# Can't start my Evinrude 9.9hp



## bobcat_fisherman (Feb 26, 2012)

I posted a few times about my old boat and motor I've been fixing up. Today was the first time I tried starting the motor in probably 3 years. I went and bought a new gas tank and put some fresh fuel/oil in it. After several tries it finally started up. It only ran for about 10 seconds. I was using muffs so I let off the throttle a little bit so it wasn't so loud. That's when it stopped. At that point to avoid pissing my neighbor off I filled up a plastic bucket to run the motor in. I tried over and over with the choke knob at different levels. It wouldn't start back up.

1) Is this an issue with the motor being in water vs having muffs hooked up to it? I wouldn't think so but maybe someone on here knows.

2) Is it an issue with the spark plugs? I put brand new plugs in last weekend.

3) If it started up once and ran for a few seconds the carb should be clean enough to run again, right?

4) If anyone has any other ideas I'd love to hear them. I can't wait to get that thing started up again.






Here is a quick video on me trying to start it. I did this many times. Sorry for the bad angle of the video. I doubt it will help but who knows.


----------



## Jdholmes (Feb 26, 2012)

Have you tried just letting it sit for a bit? You may have flooded it with all your attempts?


----------



## bugkiller (Feb 26, 2012)

I bet the float in the carb is stuck. Alot of times when a motor sits and u use it it will run for a bit but than the float will stick from te carb being dry for so long. When you stored it was there fuel in the carb?? Did you let it run dry with a fuel stabilizer.


----------



## bobcat_fisherman (Feb 26, 2012)

I ran it out of gas the last time I used it.
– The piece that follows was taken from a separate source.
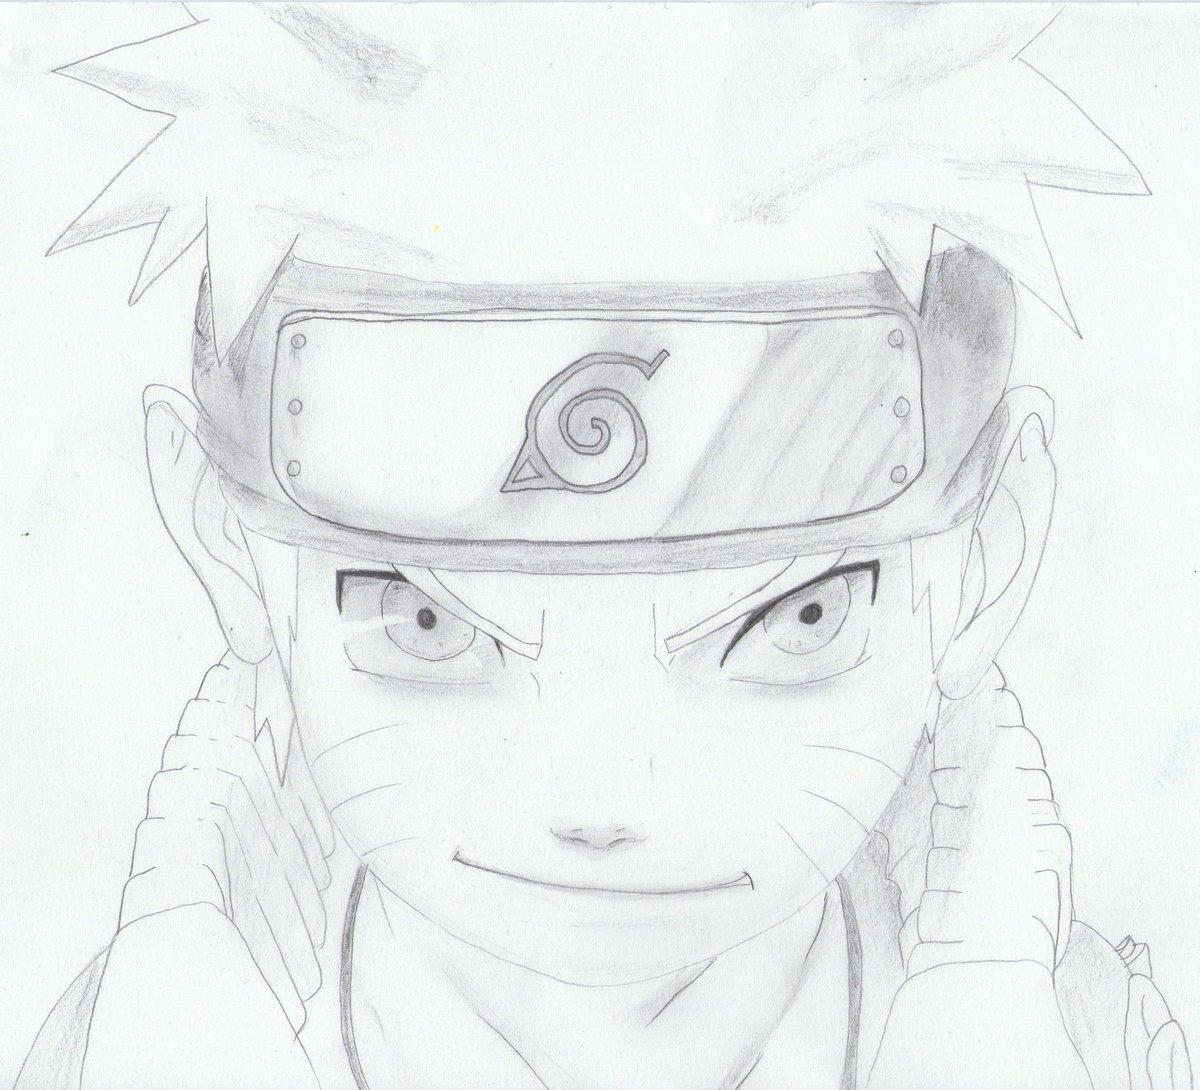 #drawing #anime #naruto #pencildrawing #traditionalartpic.twitter.com/RfFfFXKCVD

I pulled the carb later this afternoon and it looked pretty clean. I went to start it after putting everything back together but my fuel bulb got a crack in it. I'll have to go buy a new one now.


----------



## JMichael (Feb 26, 2012)

Should have gone ahead and cleaned the carb while you had it off. You did 80% of a carb cleaning by removing and reinstalling it. It could have sucked up a small piece of varnish or trash and clogged the jet. You could try squirting a small amount of gas directly into the throat of the carb and see if it hit's or starts that way. That should tell you if it's fuel related at least since it wasn't even hitting in the video.


----------



## Wallijig (Feb 26, 2012)

I would take plug out, see if it is wet with fuel. if so you can get tester with light to put on plug wire and plug to see if has spark, or could hold plug (with insulated pliers) against motor while someone pulls it to see if you have spark. 
If no fuel on plug it's carb related issues.


----------



## bobcat_fisherman (Feb 27, 2012)

JMichael said:


> Should have gone ahead and cleaned the carb while you had it off. You did 80% of a carb cleaning by removing and reinstalling it. It could have sucked up a small piece of varnish or trash and clogged the jet. You could try squirting a small amount of gas directly into the throat of the carb and see if it hit's or starts that way. That should tell you if it's fuel related at least since it wasn't even hitting in the video.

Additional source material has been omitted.